Wieder dabei: Arminias Offensivspieler Nils Seufert (l.) arbeitet an seinem Comeback. Foto: Wolfgang Rudolf - © Wolfgang Rudolf
Wieder dabei: Arminias Offensivspieler Nils Seufert (l.) arbeitet an seinem Comeback. Foto: Wolfgang Rudolf | © Wolfgang Rudolf

Arminia Bielefeld Arminias Personalsituation entspannt sich

Zwei Offensivspieler sind fraglich für das Heimspiel gegen Aue

Peter Burkamp
03.04.2019 | Stand 02.04.2019, 16:59 Uhr

Bielefeld. Gute Nachrichten aus Arminia Bielefelds medizinischer Abteilung: Zum Wochenbeginn sind Mittelfeldspieler Max Christiansen und Torwart Philipp Klewin wieder in den Übungsbetrieb des Fußball-Zweitligisten eingestiegen. Am Dienstag nahmen auch die zuletzt angeschlagenen Keanu Staude und Nils Seufert das Training auf. Ob die beiden Offensivkräfte nach einiger Fehlzeit schon wieder eine Alternative für die Startelf sein können, ist fraglich.
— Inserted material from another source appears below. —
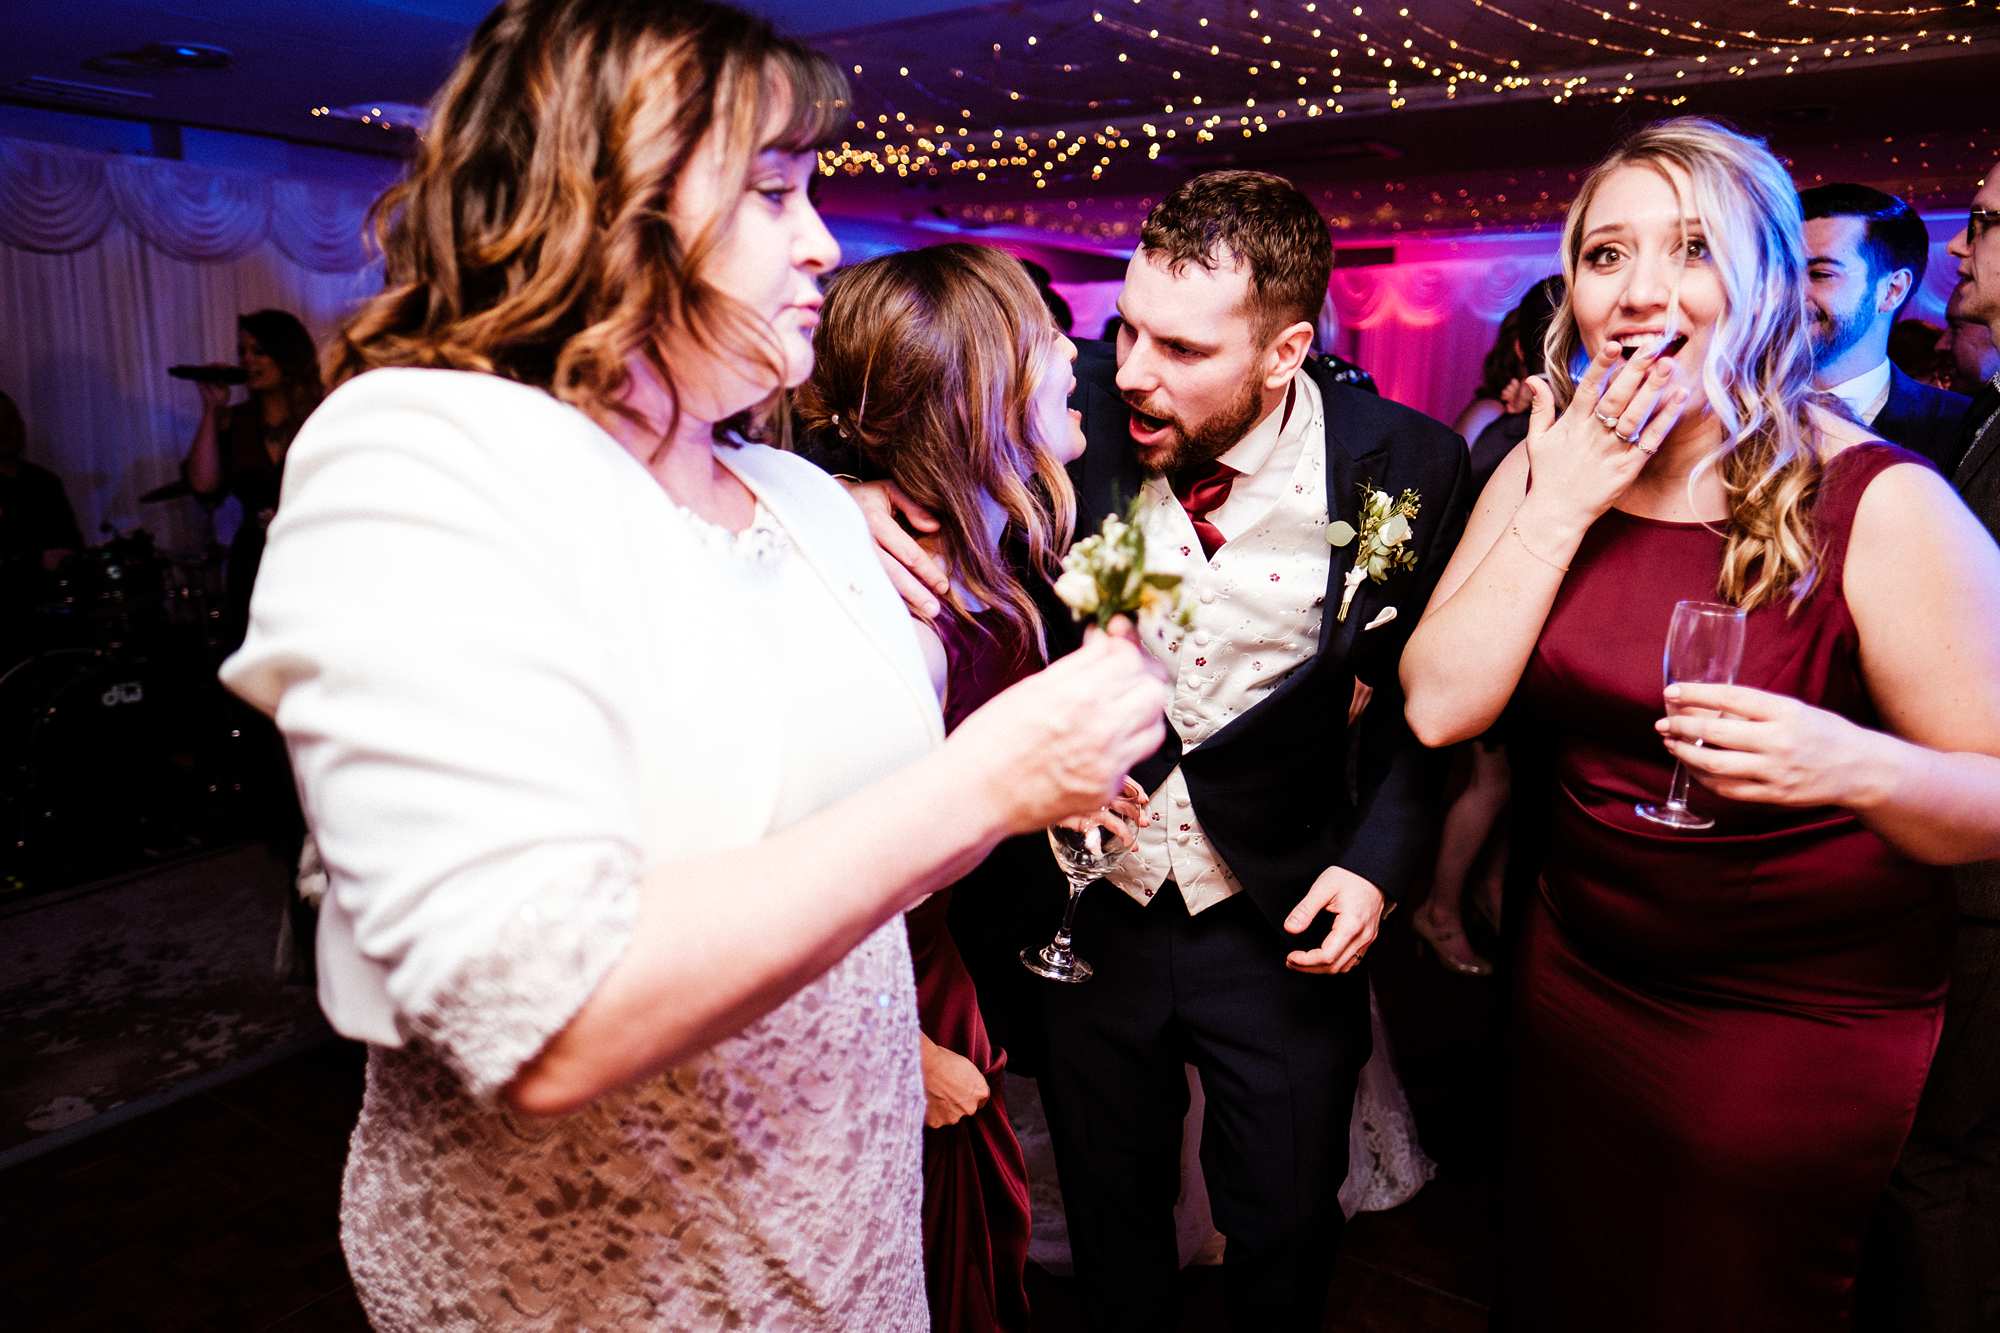 Evening party at a February wedding at Highfield Park in Hampshire

Nur zu Beginn trainierten sie mit der Mannschaft zusammen. Es wird eng, um eine Kadernominierung für das nächste Heimspiel am Freitagabend, 18.30 Uhr, gegen Aue zu ergattern. Einen Platz im Aufgebot dürfte Brian Behrendt beanspruchen. Der Innenverteidiger meldet sich nach abgesessener Gelb-Sperre wieder zurück. Nach der ordentlichen Leistung von Amos Pieper während seines Startelf-Debüts beim 2:2 am Sonntag in Fürth ist die Konkurrenz um die zwei Plätze im Zentrum der Viererabwehrkette noch größer geworden. Mit Julian Börner, Behrendt, Pieper und Stephan Salger erheben gleich vier DSC-Profis Anspruch auf die Plätze in der Anfangsformation. Mit Joan Simun Edmundsson ist unterdessen weiterhin nicht zu rechnen. Er wird in Folge einer Bänderzerrung im Knie noch die komplette Woche in der Rehabilitation verbringen. Die Verantwortlichen wollen nichts überstürzen und den Nationalspieler der Färöer-Inseln behutsam aufbauen. Vielleicht reicht die Zeit für „Eddy“, um am 14. April im Auswärtsspiel beim FC St. Pauli wieder dabei zu sein. In Hamburg dürfen sich die Arminen wie im Vorjahr erneut großer Unterstützung erfreuen. Die Karten für das Spiel am Millerntor waren in kürzester Zeit vergriffen.